[Opening RAW DATA section]
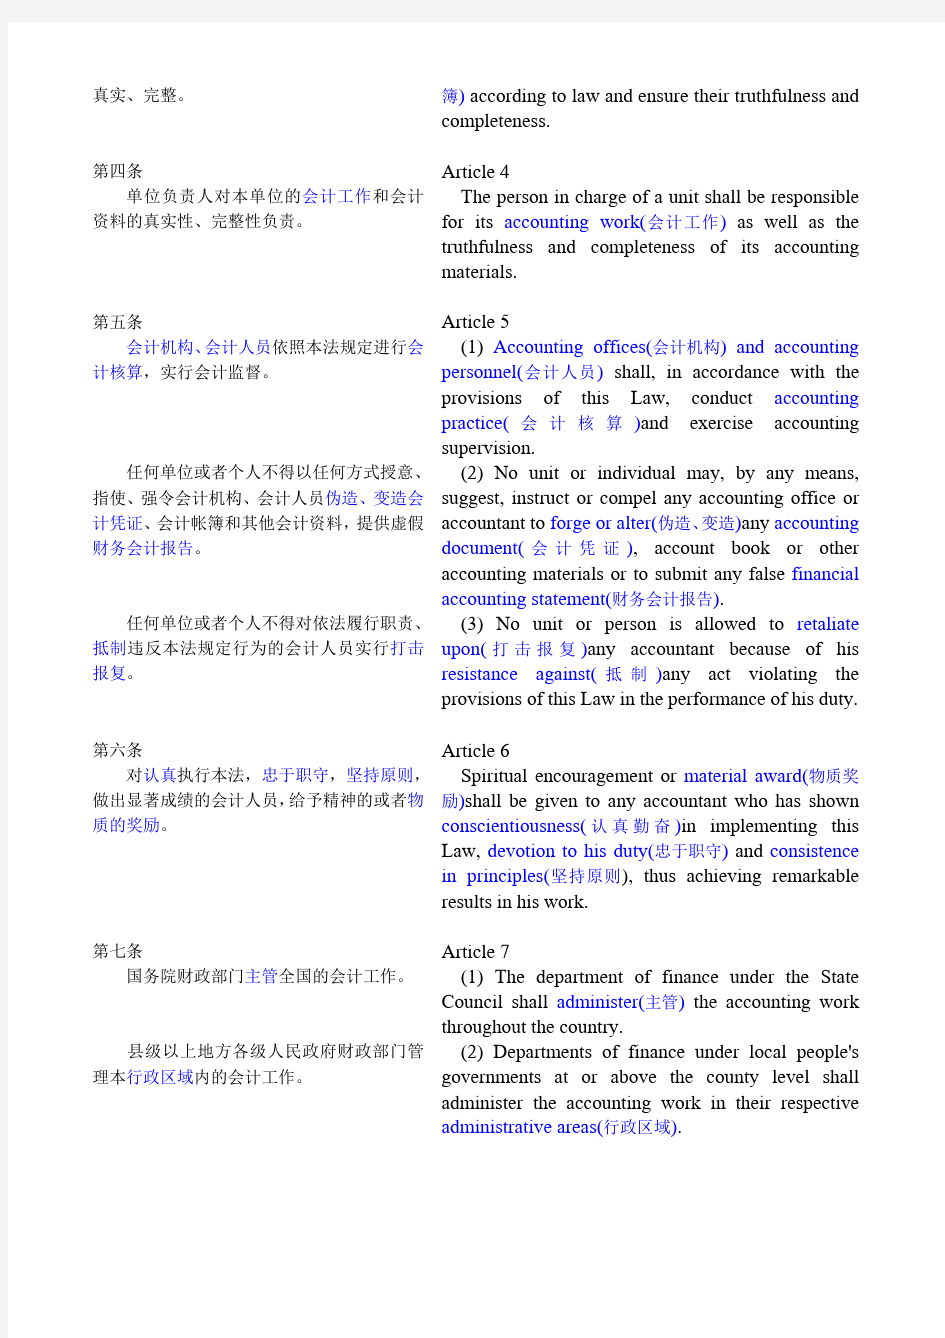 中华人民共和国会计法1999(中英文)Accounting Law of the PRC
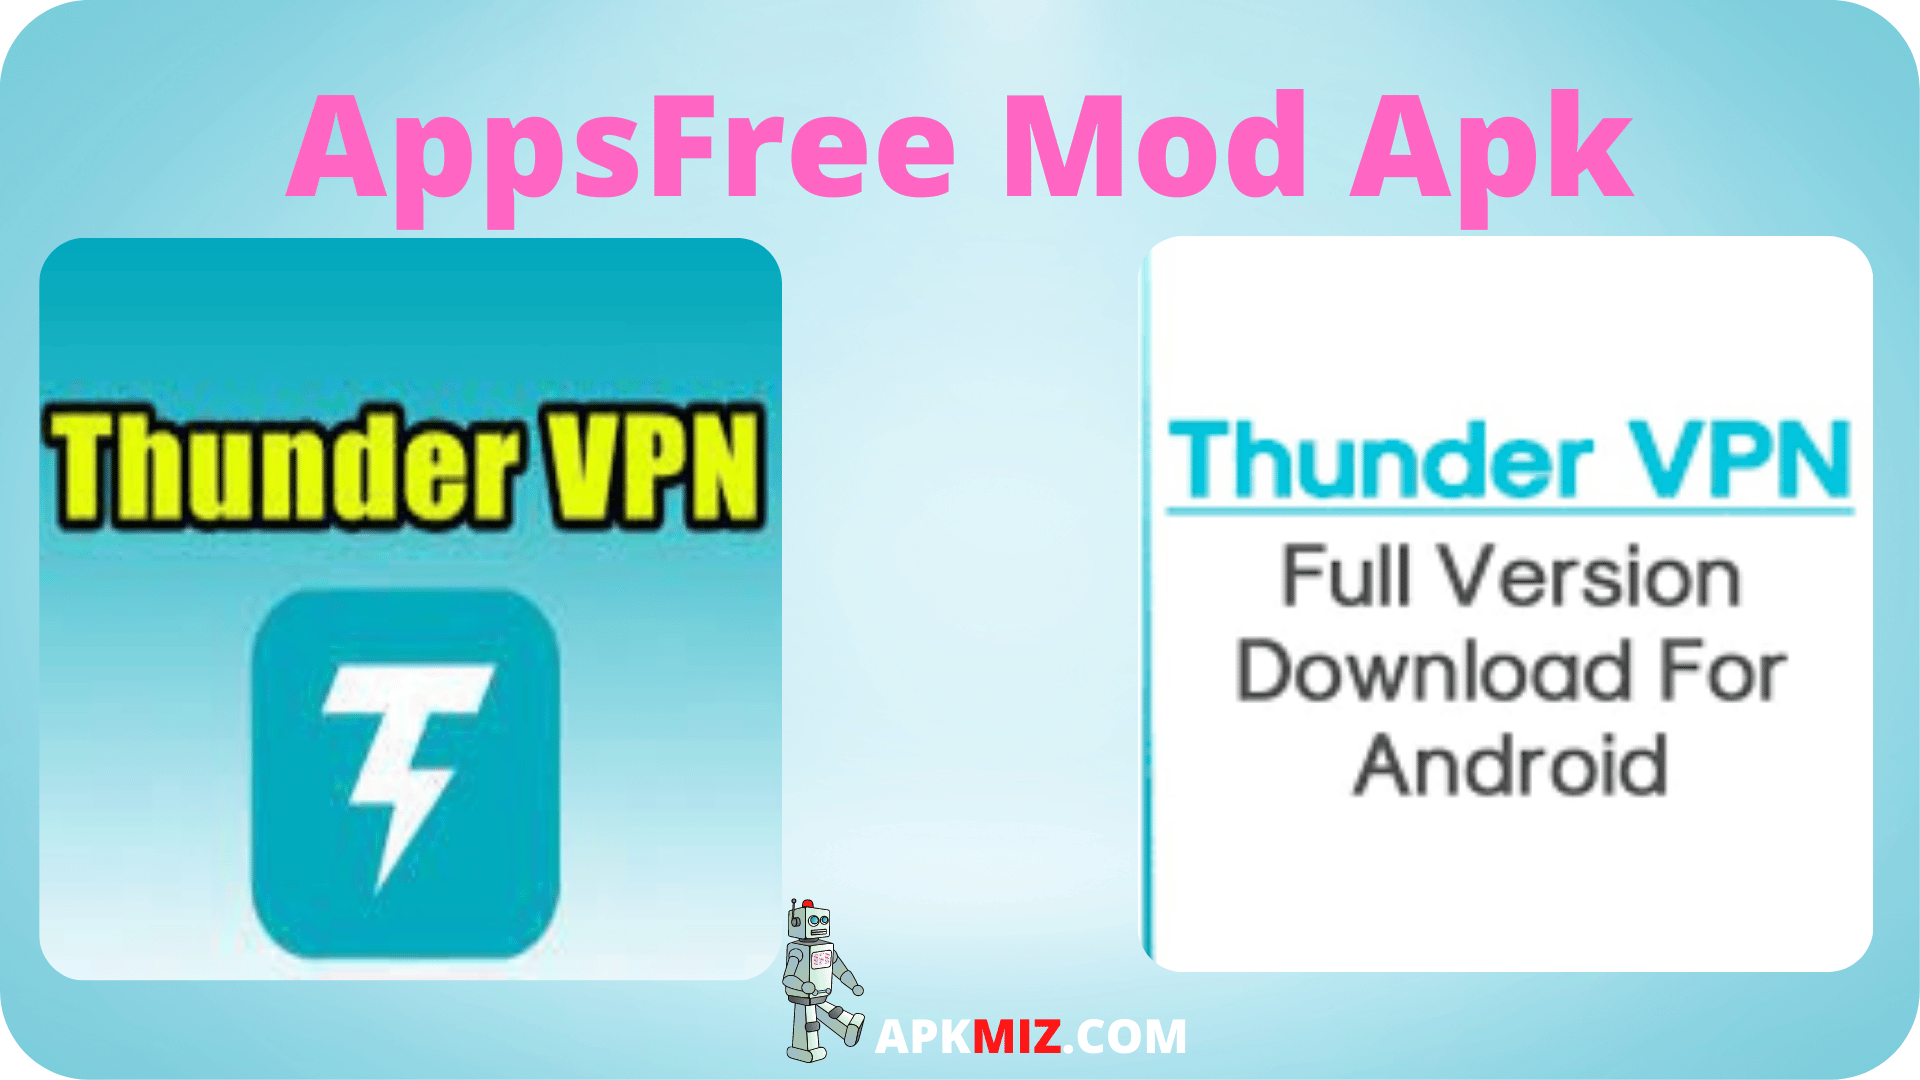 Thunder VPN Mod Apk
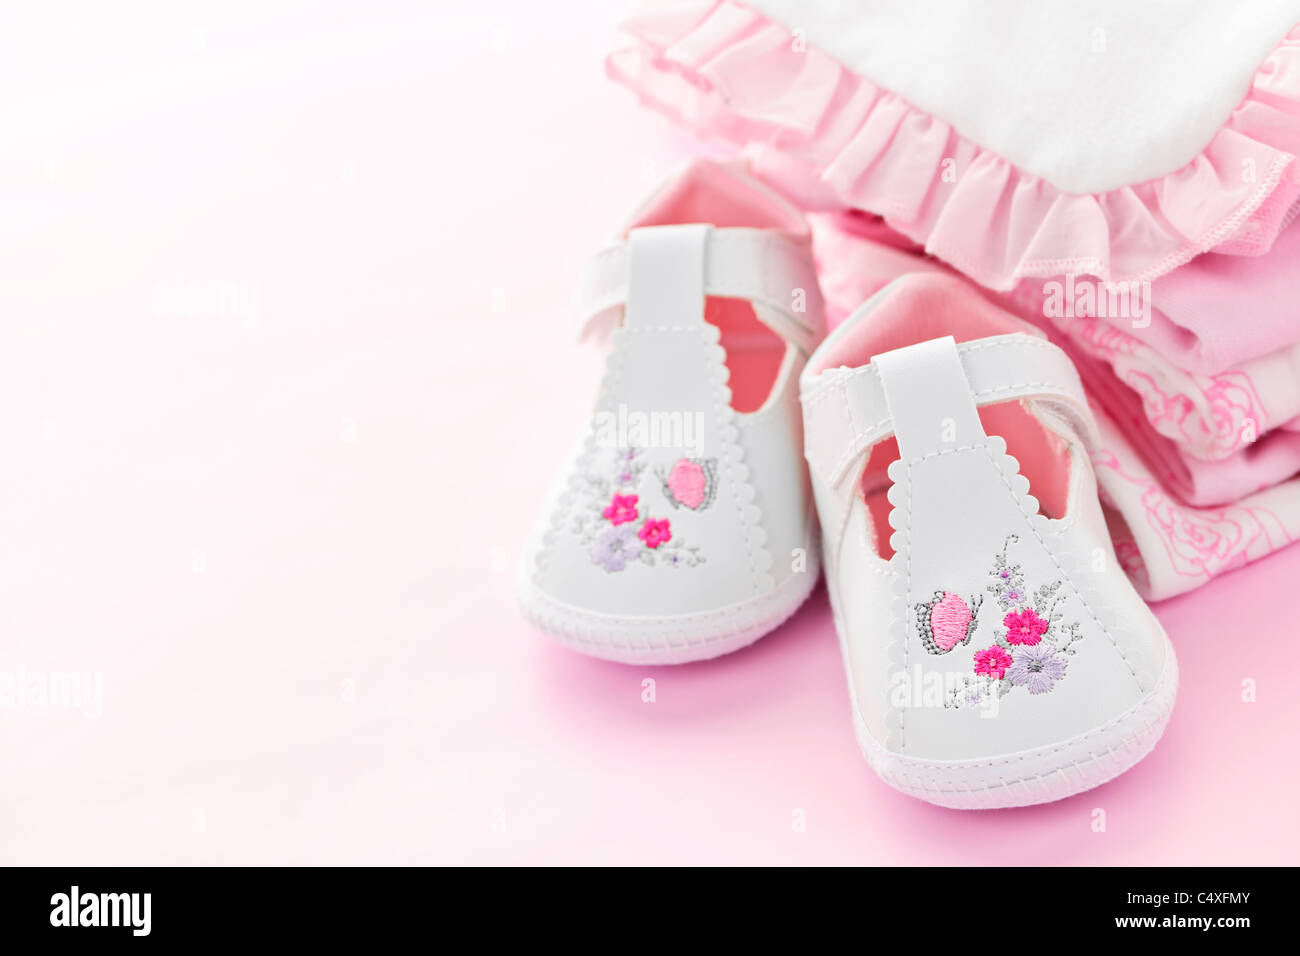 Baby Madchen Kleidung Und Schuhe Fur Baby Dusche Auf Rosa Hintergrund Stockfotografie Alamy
[Closing RAW DATA section]
PROBLEM REQUIREMENTS: An image-free, exact version of the listing above is required.

OUTPUT BELOW:
 中华人民共和国会计法1999(中英文)Accounting Law of the PRC
 Thunder VPN Mod Apk
 Baby Madchen Kleidung Und Schuhe Fur Baby Dusche Auf Rosa Hintergrund Stockfotografie Alamy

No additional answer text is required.